Agerholm's mother was privately presented his Medal of Honor on June 25, 1945, by the Commandant of the Ninth Naval District, honoring her request that she "didn't want any public presentation."

==Awards and honors==

===Decorations===

Medal of Honor
| Purple Heart | Combat Action Ribbon | Navy Presidential Unit Citation |
| American Campaign Medal | Asiatic-Pacific Campaign Medal w/ 2 service stars | World War II Victory Medal |

===Medal of Honor citation===
His Medal of Honor citation reads as follows:

Citation:
For conspicuous gallantry and intrepidity at the risk of his life above and beyond the call of duty while serving with the 4th Battalion, 10th Marines, 2nd Marine Division, in action against enemy Japanese forces on Saipan, Marianas Islands, July 7, 1944. When the enemy launched a fierce, determined counterattack against our positions and overran a neighboring artillery battalion, PFC Agerholm immediately volunteered to assist in the efforts to check the hostile attack and evacuate our wounded. Locating and appropriating an abandoned ambulance jeep, he repeatedly made extremely perilous trips under heavy rifle and mortar fire and single-handedly loaded and evacuated approximately forty-five casualties, working tirelessly and with utter disregard for his own safety during a grueling period of more than three hours. Despite intense, persistent enemy fire, he ran out to aid two men whom he believed to be wounded Marines but was himself mortally wounded by a Japanese sniper while carrying out his hazardous mission. PFC Agerholm's brilliant initiative, great personal valor and self-sacrificing efforts in the face of almost certain death reflect the highest credit upon himself and the U.S. Naval Service. He gallantly gave his life for his country.

===Posthumous honors===
On June 19, 1946, in Boston, Massachusetts, the destroyer was commissioned and named in honor of PFC Agerholm. The Agerholm was decommissioned in 1978.

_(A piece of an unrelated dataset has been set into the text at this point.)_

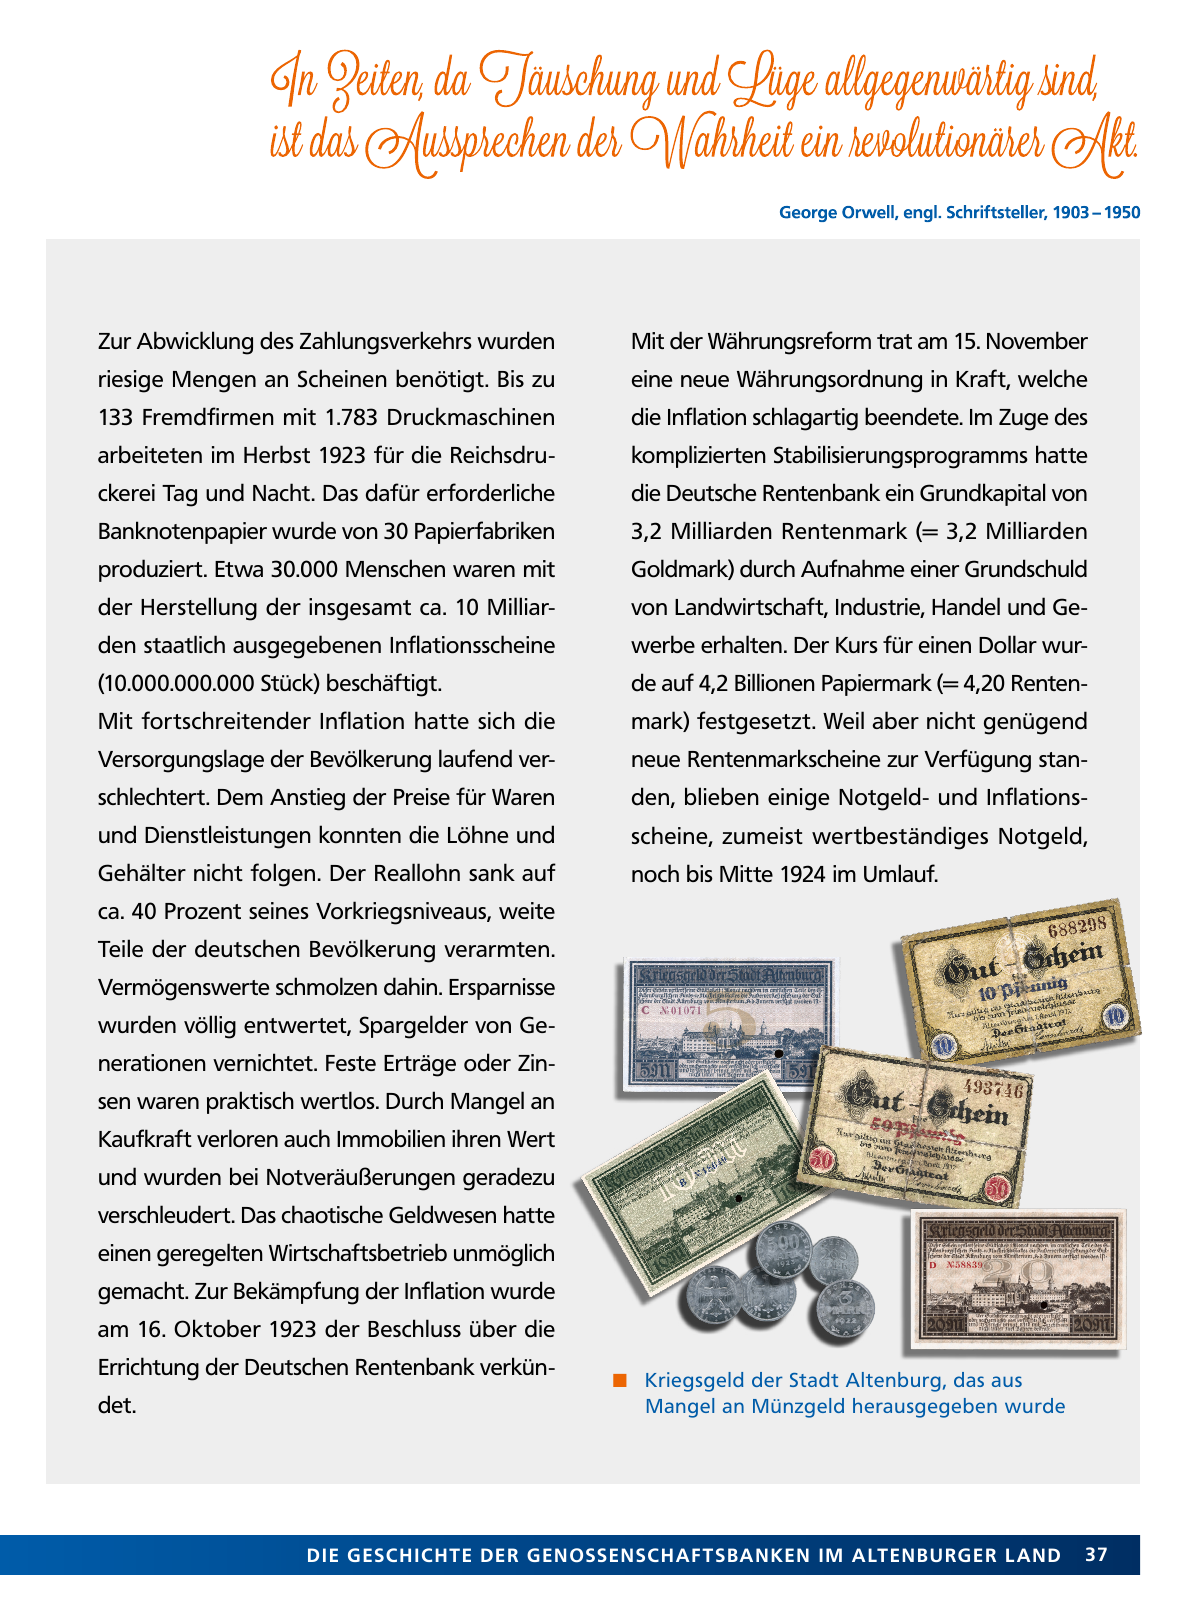 Vorschau Von der Idee, sich selbst zu helfen – 150 Jahre genossenschaftliches Bankwesen im Altenburger Land Seite 37

A combined middle school and elementary school in Racine is named for Agerholm and Medal of Honor recipient Major John L. Jerstad (Jerstad-Agerholm Elementary/Middle School). During the period when it administered the Northern Mariana Islands, the US Navy built a school on Navy Hill, Saipan, for its dependents and named it the HC Agerholm School.

The Harold C. Agerholm Memorial Gun Park near the headquarters of the 10th Marine Regiment in Camp Lejeune, North Carolina is named in his honor.